Intervention de Anne-Marie Escoffier

Réunion du 3 février 2011 à 21h30
Immigration intégration et nationalité — Article 6

Photo de Anne-Marie EscoffierAnne-Marie Escoffier :

Pour qui veut bien étudier les lois sur les étrangers, il apparaît que l’ensemble qu’elles constituent est devenu illisible : d’année en année, se sont ajoutées des dispositions censées répondre à des événements ponctuels, et le présent article 6 est une nouvelle illustration de ce phénomène, ainsi que cela a été très justement indiqué.

Il concerne donc la création de zones d’attente ad hoc et tend à transposer l’article 18 de la directive « retour », lequel pose un certain nombre de conditions très précises puisqu’il autorise la création de zones d’attente provisoires « lorsqu’un nombre exceptionnellement élevé de ressortissants de pays tiers soumis à une obligation de retour fait peser une charge lourde et imprévue sur la capacité des centres de rétention d’un État membre ou sur son personnel administratif et judiciaire ». Cette situation exceptionnelle autorise alors, aux termes de la directive, un allongement des délais de contrôle juridictionnel et de garantie des droits.

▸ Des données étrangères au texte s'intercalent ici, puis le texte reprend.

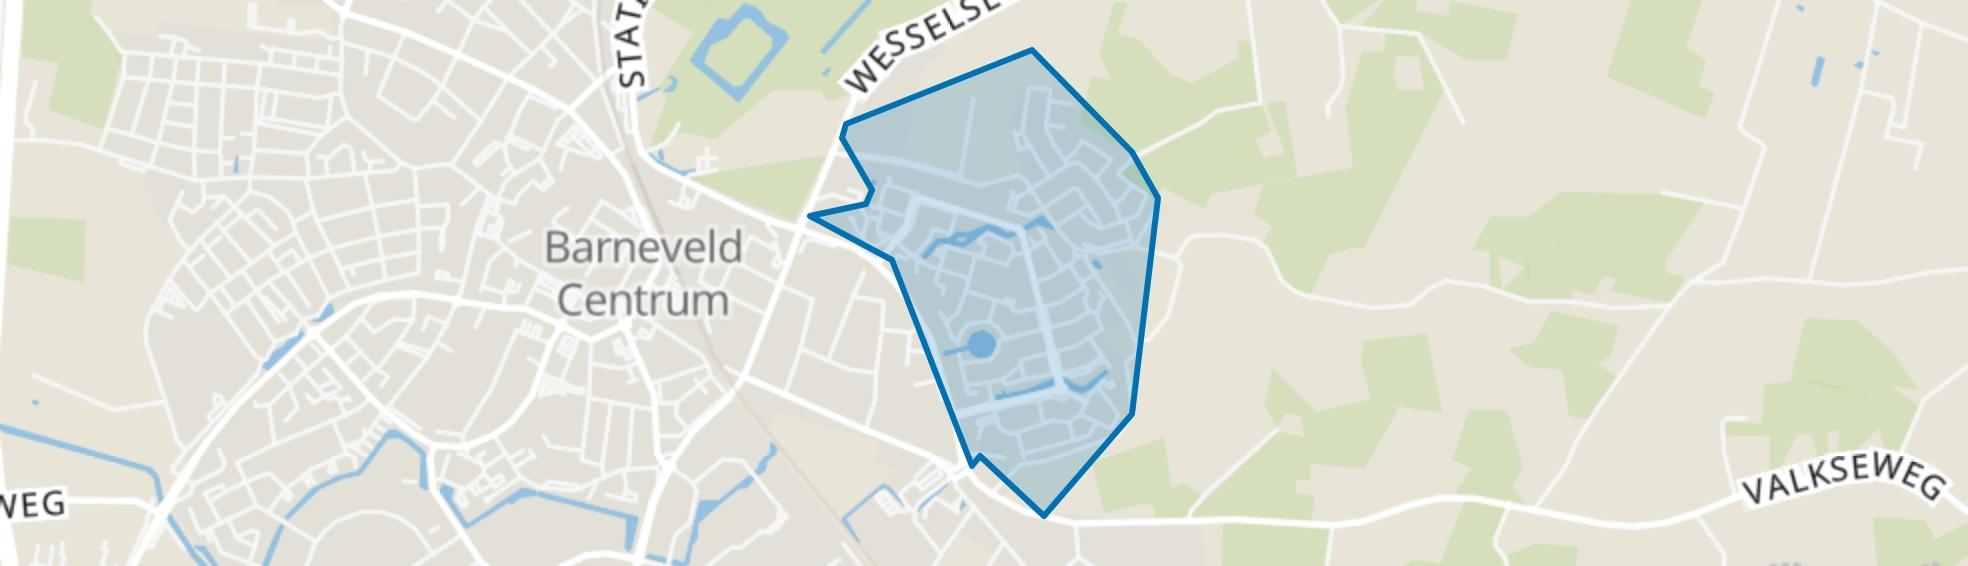 Norschoten, Barneveld map

Or la transposition qui est opérée au travers de l’article 6 ne respecte ni la lettre ni l’esprit de la directive. Celle-ci mentionne un nombre « exceptionnellement élevé » d’étrangers quand le projet de loi évoque un « groupe d’au moins dix étrangers » : ce n’est pas tout à fait la même chose !

Le projet de loi ne fait pas non plus référence à la notion de « charge lourde et imprévue » mentionnée par la directive, non plus qu’à l’urgence requise.

Voilà donc un texte qui rend permanentes les zones temporaires puisqu’elles pourront être constituées à tout moment, en n’importe quel point frontalier, ou presque. Cela revient, dès lors, à banaliser la privation de liberté en tant que « mode de gestion ordinaire de l’immigration », comme le notait d’ailleurs la Commission nationale consultative des droits de l’homme dans son avis du 6 janvier dernier.

La rétention en zone d’attente est bien un régime de privation de liberté. D’ailleurs, le Conseil constitutionnel, dans sa décision du 25 février 1992, l’a clairement indiqué, considérant, à propos du maintien en zone de transit, que conférer « à l’autorité administrative le pouvoir de maintenir durablement un étranger en zone de transit, sans réserver la possibilité pour l’autorité judiciaire d’intervenir dans les meilleurs délais, » était contraire à la Constitution.

Pour toutes ces raisons, madame la ministre, notre groupe souhaite la suppression de l’article 6.